А что будет со мной? Чейз Джеймс
Это был первый день. Не знаю, каким чудом мне удалось выдержать следующие семь дней, но я заставил себя ради своего старика. Он целыми днями пропадал в банке, и я был предоставлен самому себе. Слонялся по городку, встречался с девчонками, правда, после миссис Виктории Эссекс, они показались мне такими невзрачными, такими нестерпимо нудными, что я зарекся назначать им свидания. Сидел дома, смотрел телевизор, курил и считал часы до двадцать четвертого сентября.
Вечером двадцать третьего я спросил отца, а не устроить ли нам прощальный ужин в ресторане.
– Я мог бы и сам приготовить что-нибудь этакое, но если хочешь…
– А ты разве не хочешь? Небось после маминой кончины ни разу не был в ресторане.
– Что правда, то правда. Ну, давай для разнообразия, пошли.
Мы отправились в лучший ресторан города; ничего особенного он из себя не представляет, но вполне приличный. В зале было довольно много народа, и, похоже, все знали моего старика. Мы будто прибыли с официальным визитом. Отец то и дело останавливался, пожимал руки, представлял меня, шел к следующему столику, и все повторялось сначала. Жалкие провинциалы, они нагоняли на меня зеленую тоску, но я был сама любезность.
– Пап, да ты тут настоящая знаменитость, – заметил я, когда мы, наконец, добрались до своих мест. – Я и не знал, что ты пользуешься такой популярностью.
Он просиял:
– Да ведь мудрено, сынок, проработать в маленьком городе сорок пять лет и не завести друзей.
– Это верно.
Подошел метрдотель и поздоровался с нами за руку. То был толстячок с измученным лицом, в поношенном, засаленном фраке, зато он осыпал моего старика королевскими почестями, и это меня подкупило.
– Ты что будешь, пап? – спросил я. – Только не бифштекс!
Отец рассмеялся. Он весь светился от удовольствия.
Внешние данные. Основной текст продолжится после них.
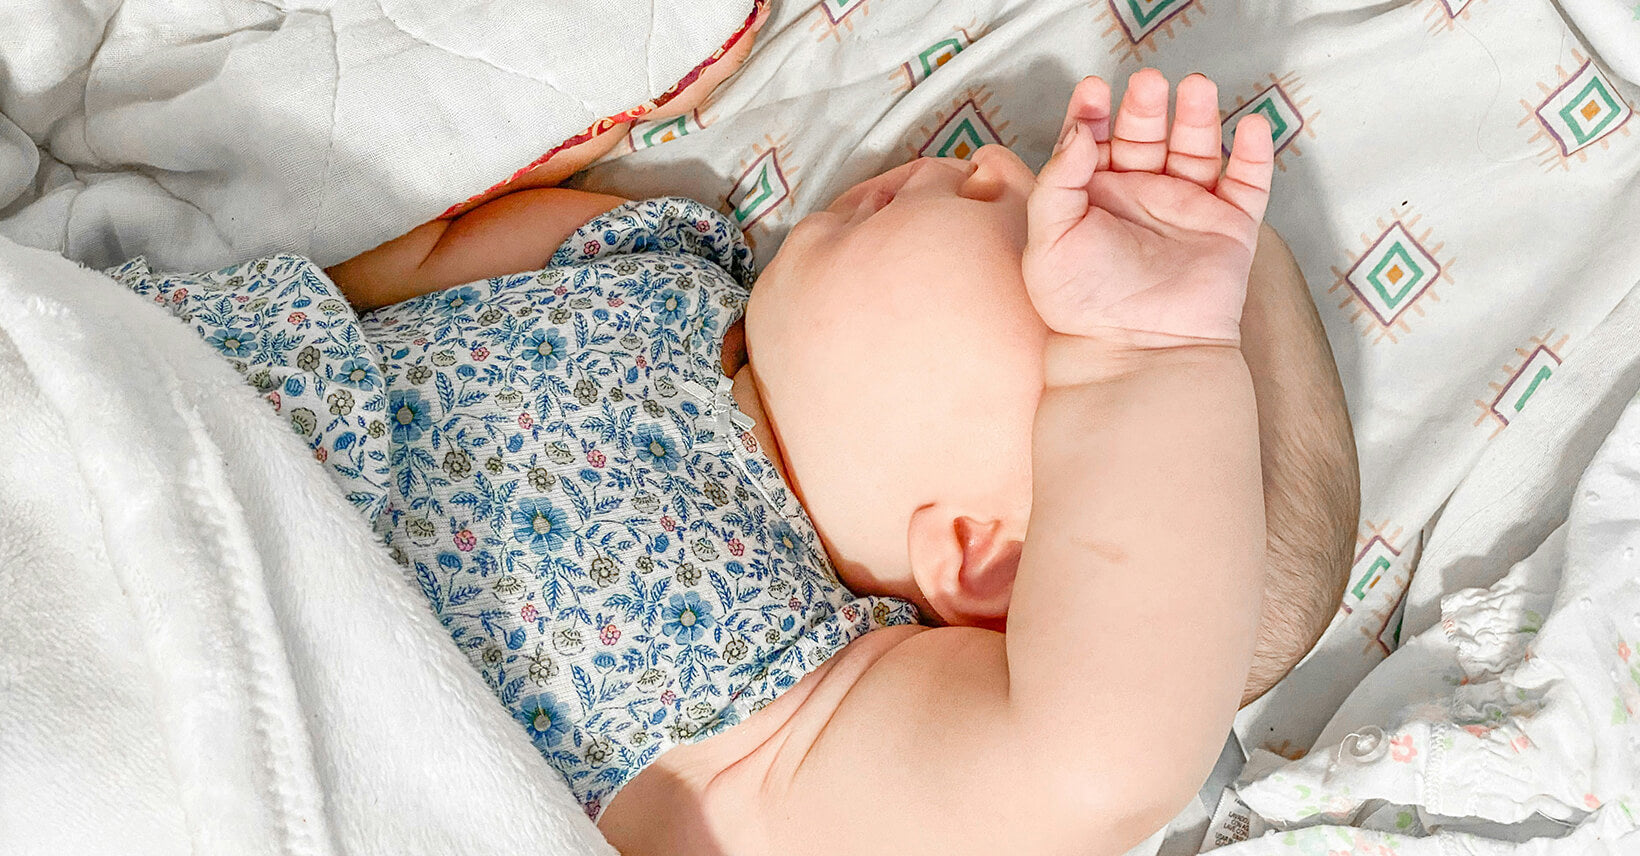 How Should You Dress Your Baby for Sleep?

Внимание окружающих пошло ему на пользу.
– Ну…
– Давай закажем устрицы и пирог с дичью.
У него загорелись глаза.
– Хм, Джек, это звучит заманчиво.
Мы заказали устрицы с шампанским и пирог с дичью, а к нему – бордо. На мой избалованный в Парадиз-Сити вкус, здешняя кухня была весьма убогой, но отец поел с большим удовольствием.
После ужина к нам подсели два старикана, полных, облезлых, но с гонором. Один оказался мэром, другой – управляющим городским парком. Мой старик был на седьмом небе от счастья. Я подыгрывал ему, а сам мечтал, чтобы поскорее наступило завтра.
Когда вернулись домой, отец сказал:
– Знаешь, Джек, с тех пор как не стало мамы, я впервые так славно провел вечер. Вот купил бы ты мастерскую у Джексона, и зажили бы мы с тобой в свое удовольствие.
– Пока не хочу, пап. Может, потом как-нибудь, – ответил я, чувствуя себя последним негодяем.
В аэропорту Парадиз-Сити я забрал «бьюик» Берни и выехал на шоссе.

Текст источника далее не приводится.